--- Recorded information Enclosed Below ---
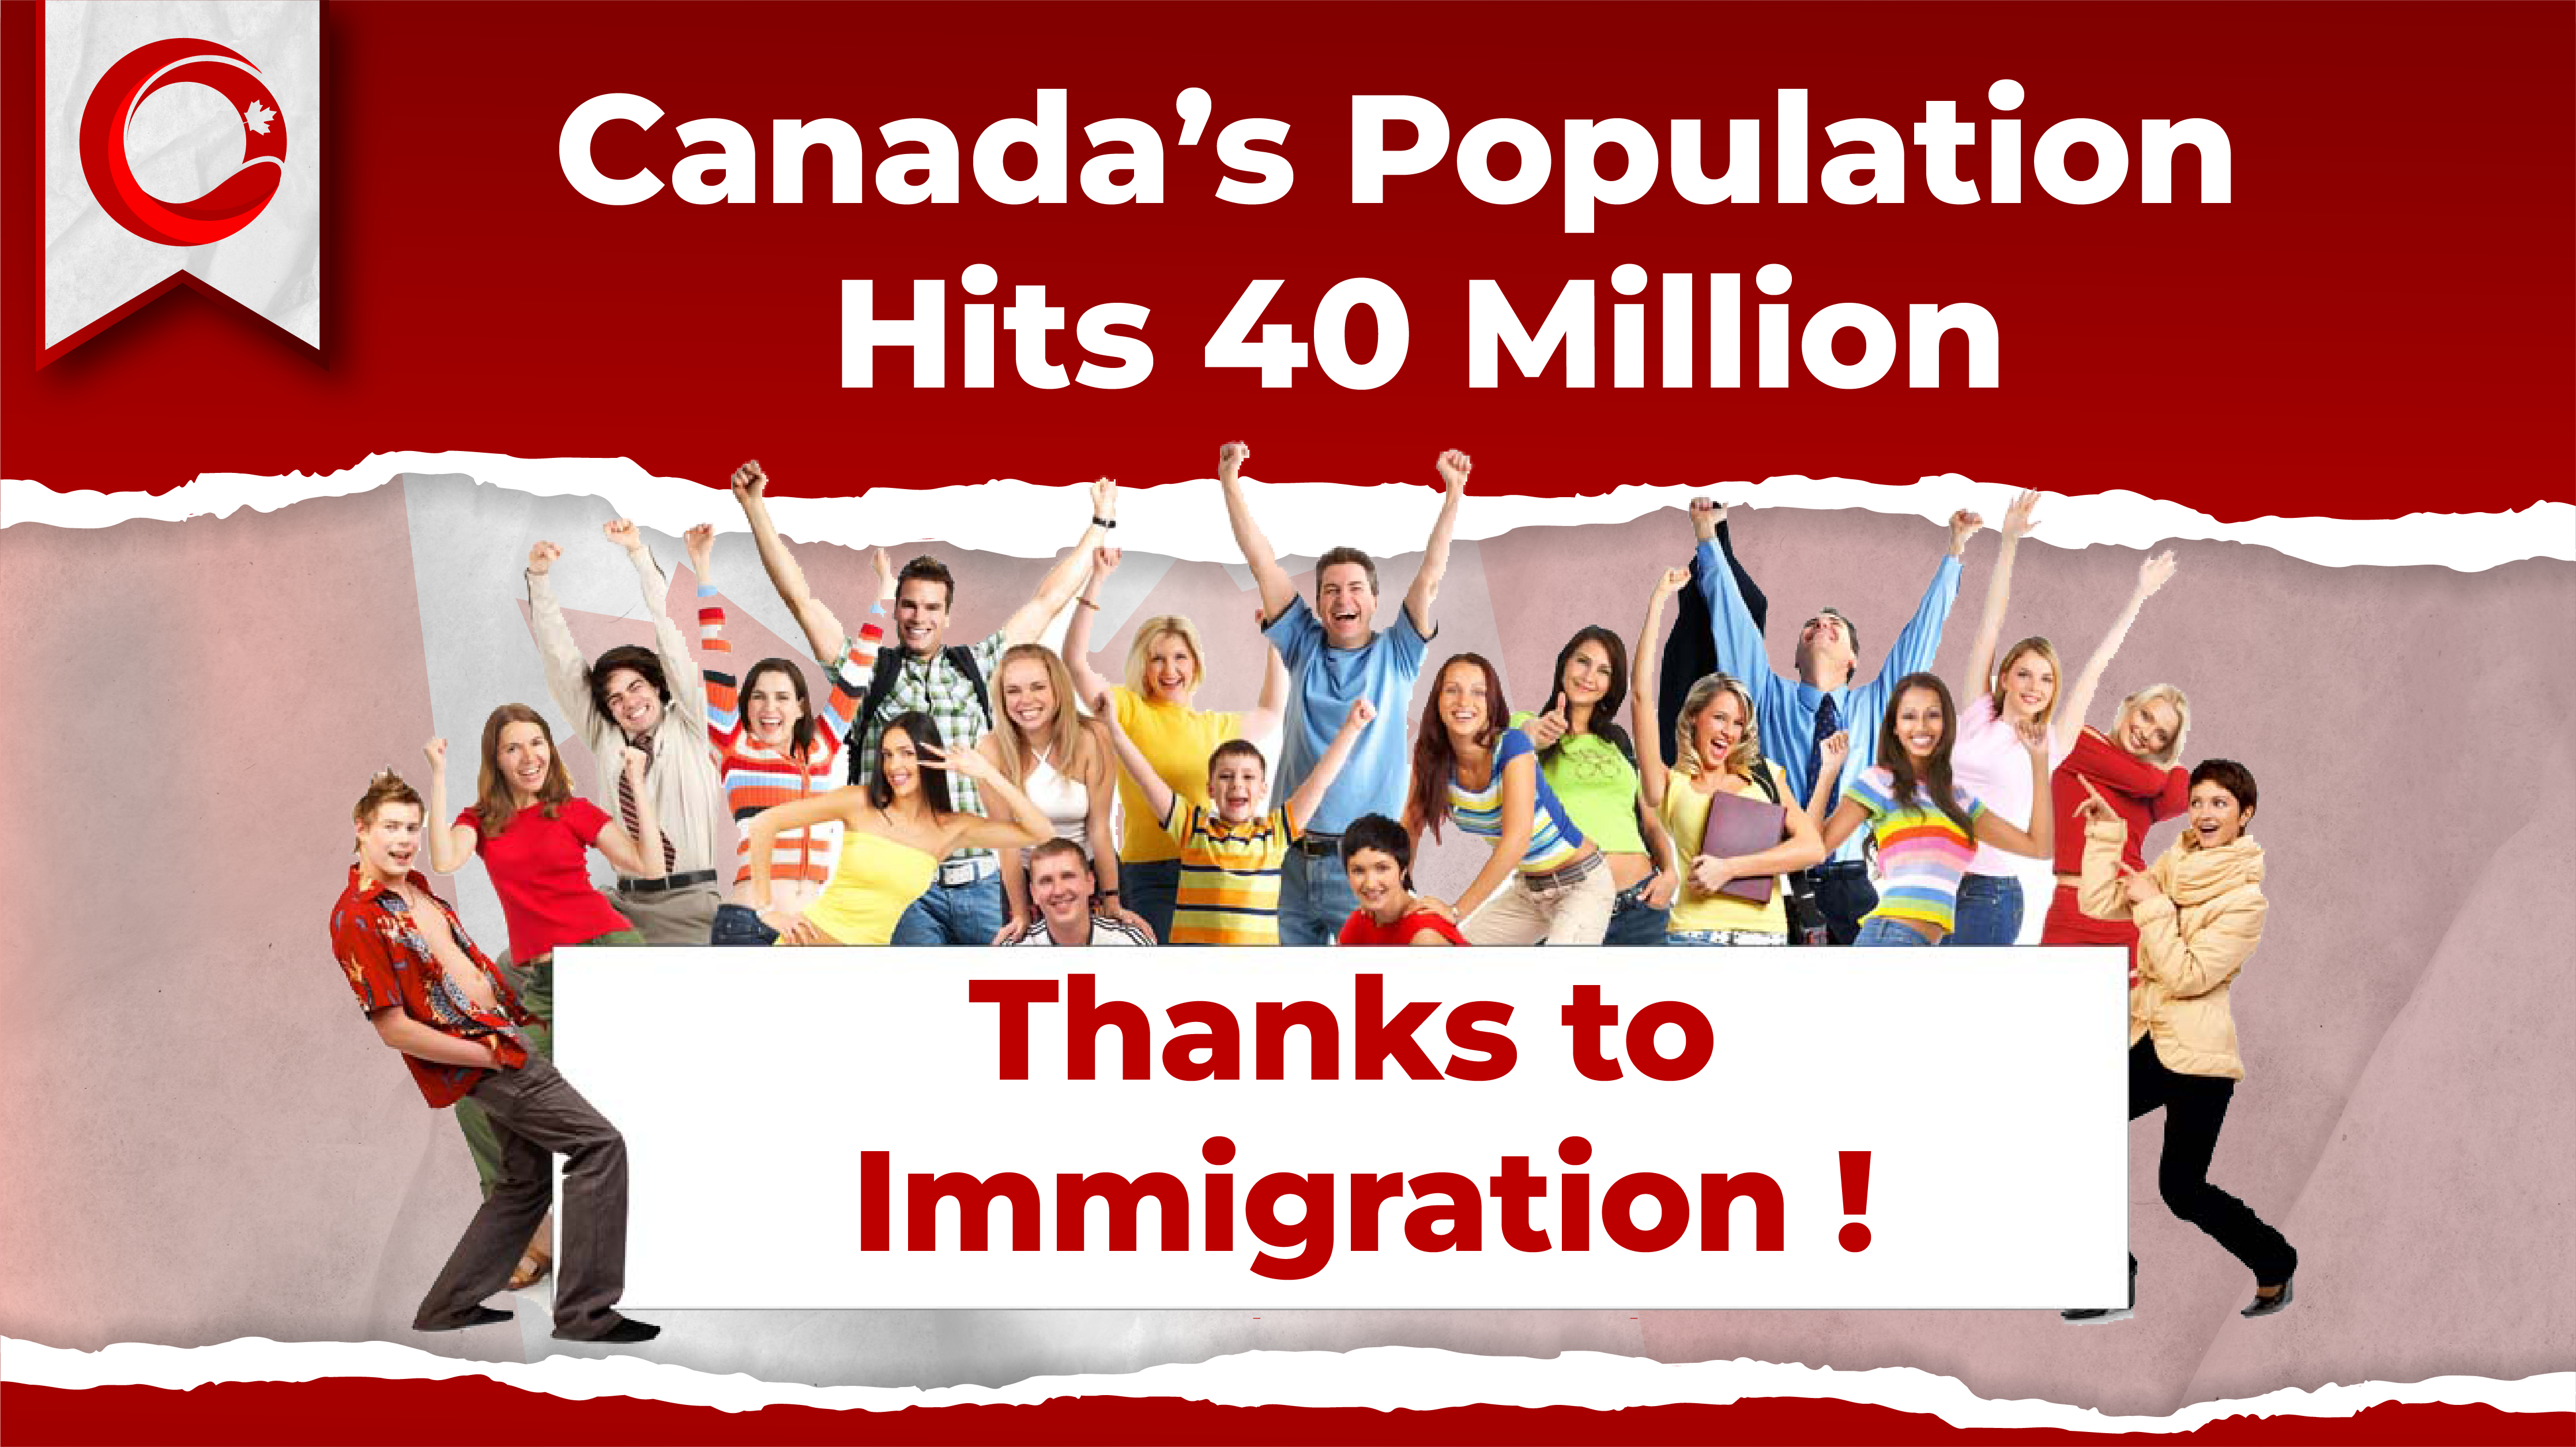 Canada's Population
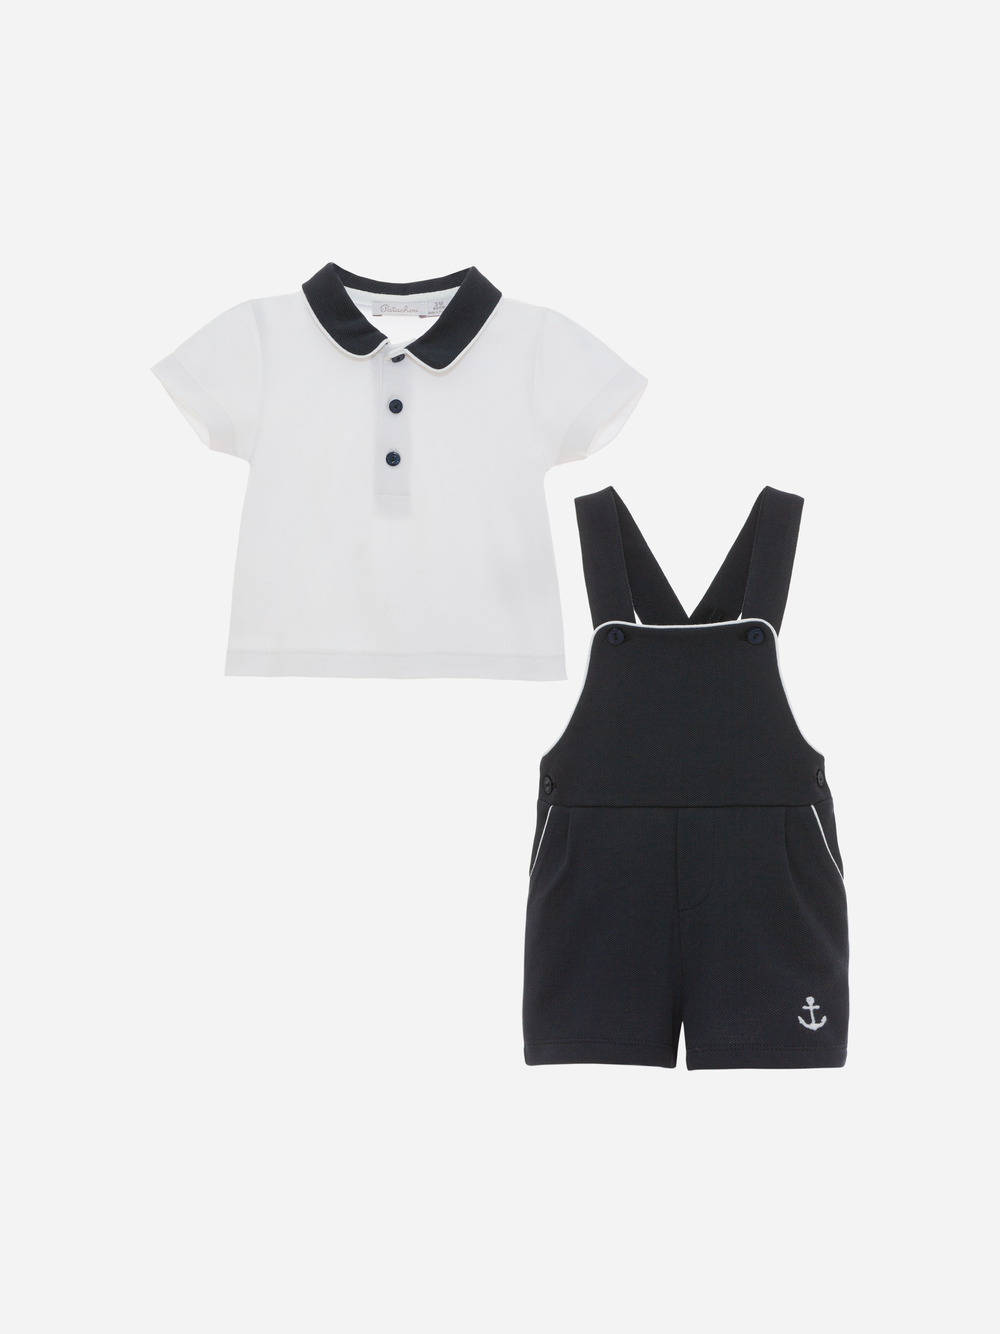 White Piquet T-shirt and Navy Piquet Shorts
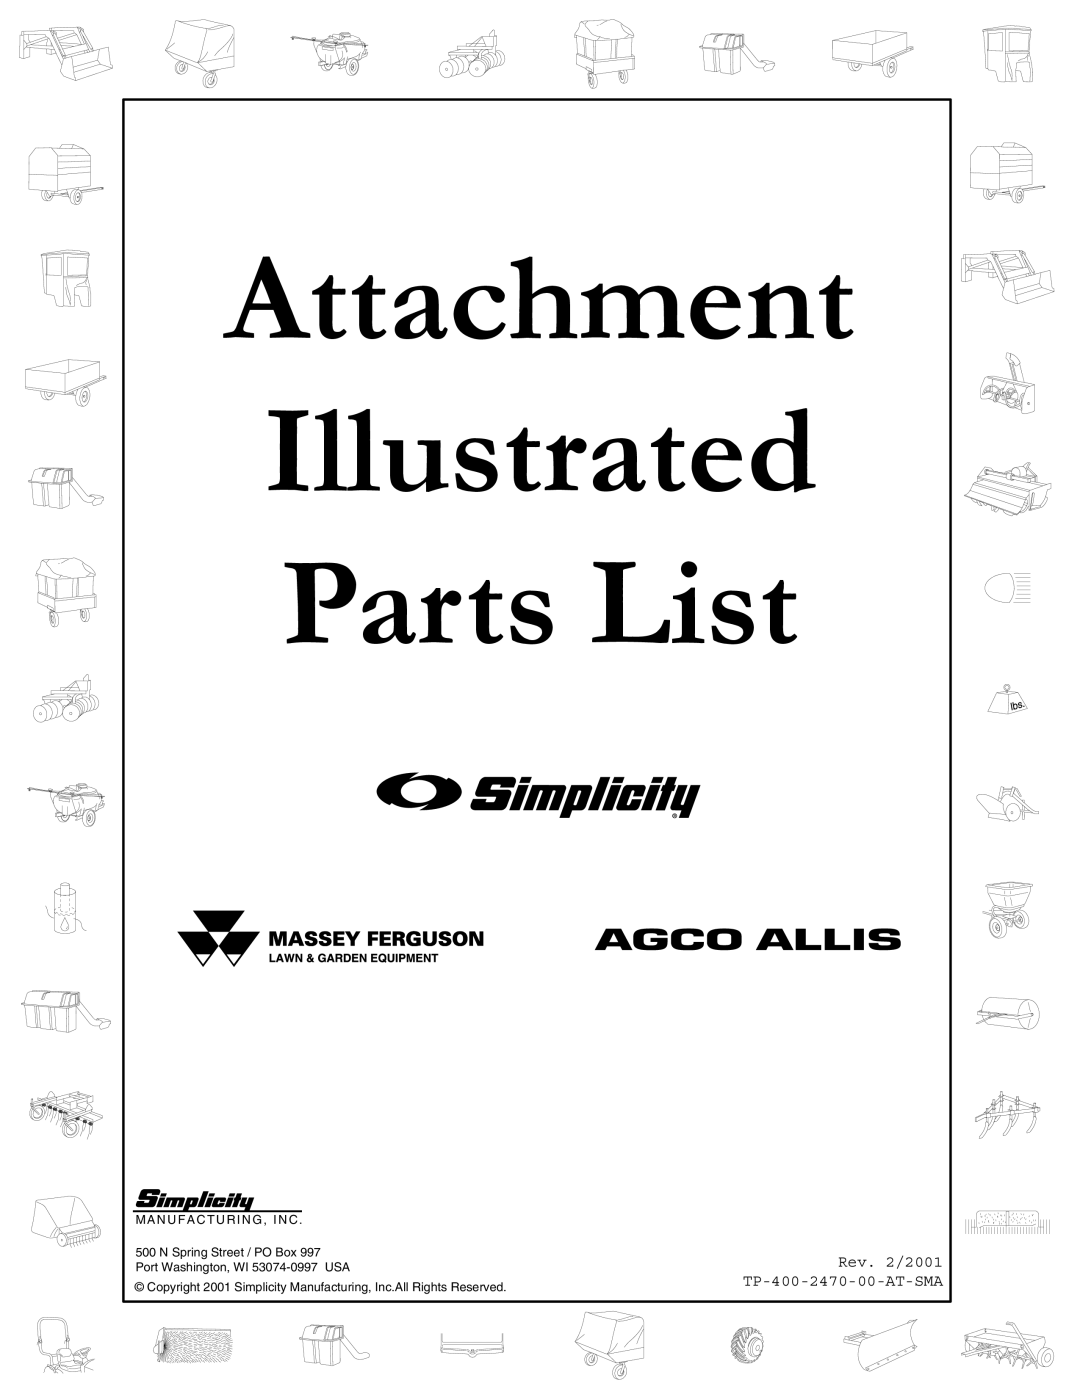 Snapper manual Attachment Illustrated Parts List, Rev. 2/2001 TP-400-2470-00-AT-SMA, Port Washington, WI 53074-0997 USA
--- End of Enclosed Recorded information ---
What to work on: Copy all of the material word for word, and include none of its pictures.

Written answer:
 Canada's Population
 White Piquet T-shirt and Navy Piquet Shorts
 Snapper manual Attachment Illustrated Parts List, Rev. 2/2001 TP-400-2470-00-AT-SMA, Port Washington, WI 53074-0997 USA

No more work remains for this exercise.